GH-46572: [Python] expose filter option to python for join #46566

xingyu-long · 2025-05-23T03:48:53Z

Rationale for this change

C++ implementation support filter while performing hash join, however, it didn't expose to python and I think it's good to have this, so other users can avoid additional filter op explicitly in their side.

What changes are included in this PR?

Support filter expression in python binding.

Are these changes tested?

Yes, added new test test_hash_join_with_filter.
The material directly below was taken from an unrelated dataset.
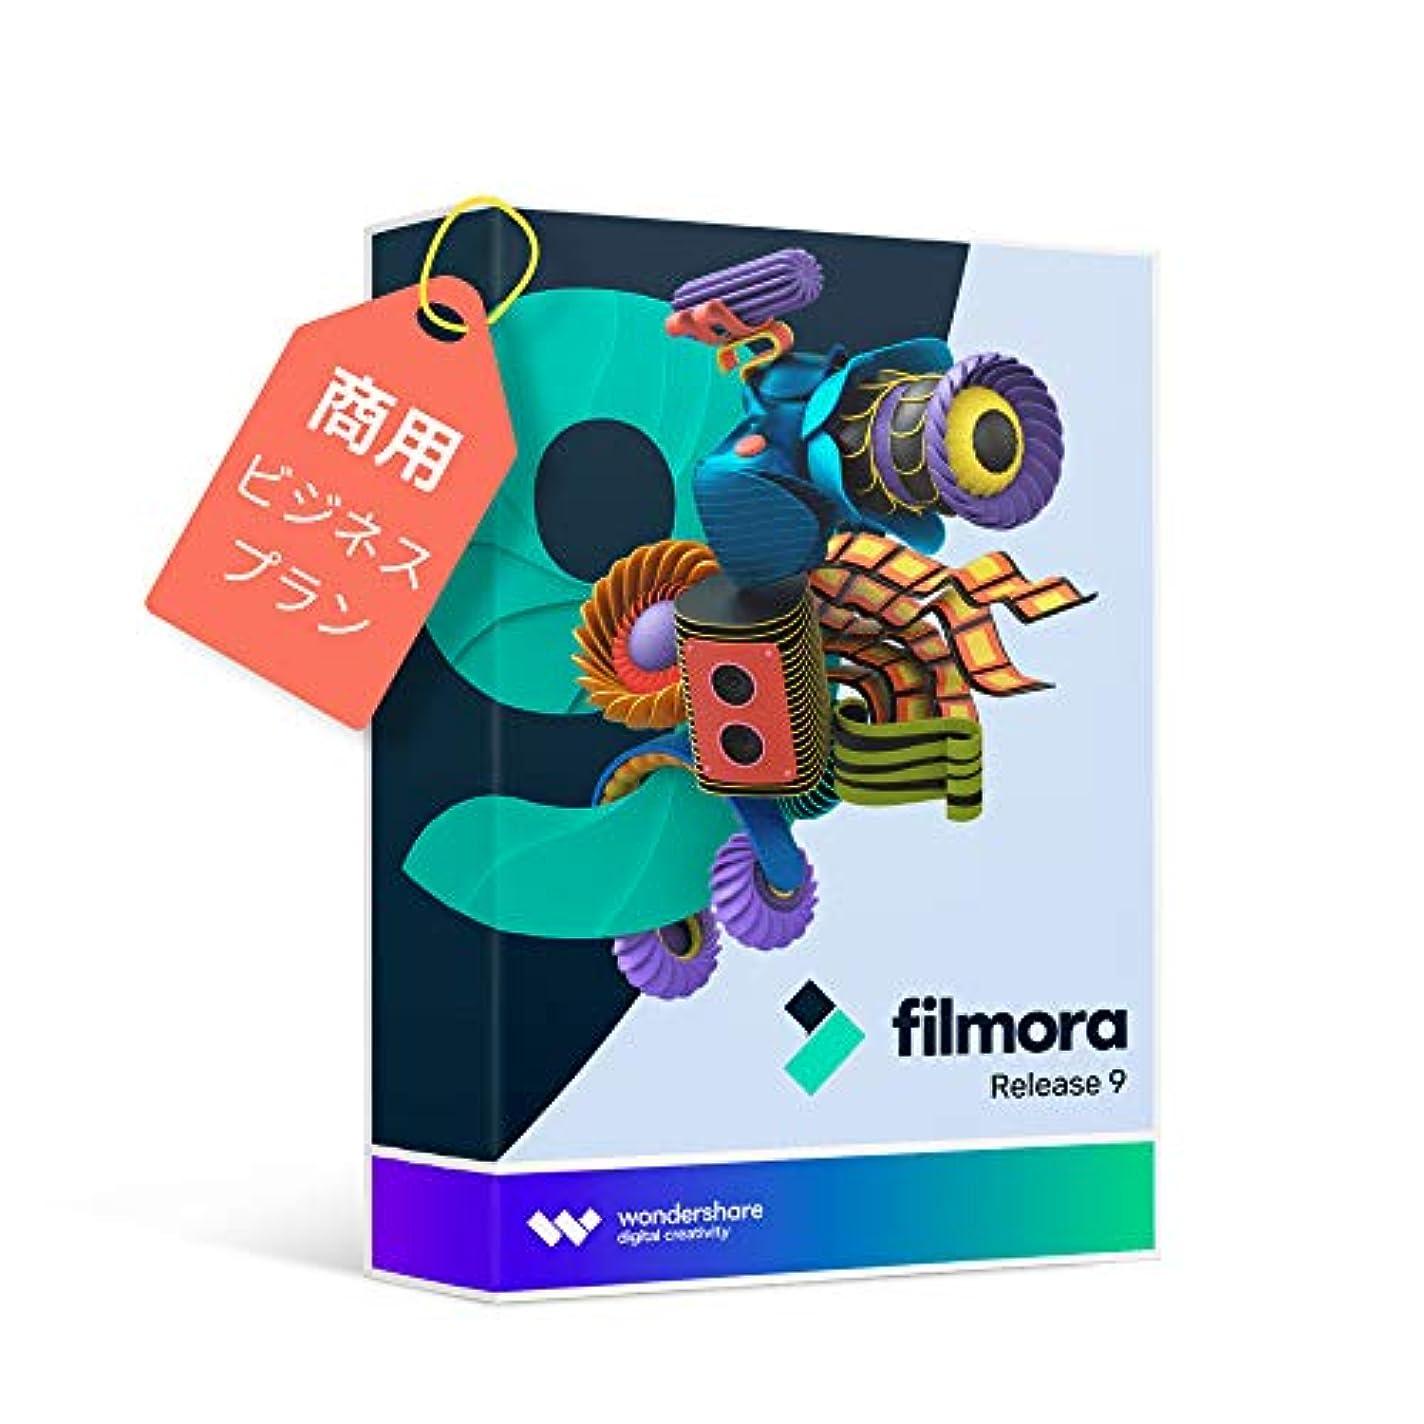 補う排泄物透過性Wondershare Filmora9 ビジネス版(商用ライセンス)(Win版) 次世代動画編集ソフト 収益化可 永久ライセンス ワンダーシェアー

Are there any user-facing changes?

It will expose one more argument for user, i.e., filter_expression for Table.join and Datastet.join

GitHub Issue: [Python] Support filter option for hash join #46572

github-actions · 2025-05-23T03:49:19Z

Thanks for opening a pull request!

If this is not a minor PR. Could you open an issue for this pull request on GitHub? https://github.com/apache/arrow/issues/new/choose

Opening GitHub issues ahead of time contributes to the Openness of the Apache Arrow project.

Then could you also rename the pull request title in the following format?

GH-${GITHUB_ISSUE_ID}: [${COMPONENT}] ${SUMMARY}

or

MINOR: [${COMPONENT}] ${SUMMARY}

See also:

xingyu-long · 2025-05-23T03:50:59Z

cc @richardliaw since I discussed this with Richard and he suggested me to give this a try. and it may be helpful for ray project too. Thanks!

AlenkaF · 2025-05-23T08:32:46Z

Hi @xingyu-long, thank you for opening a PR!
Could you first open an issue to track the changes and check the failing CI builds, some failing tests are connected.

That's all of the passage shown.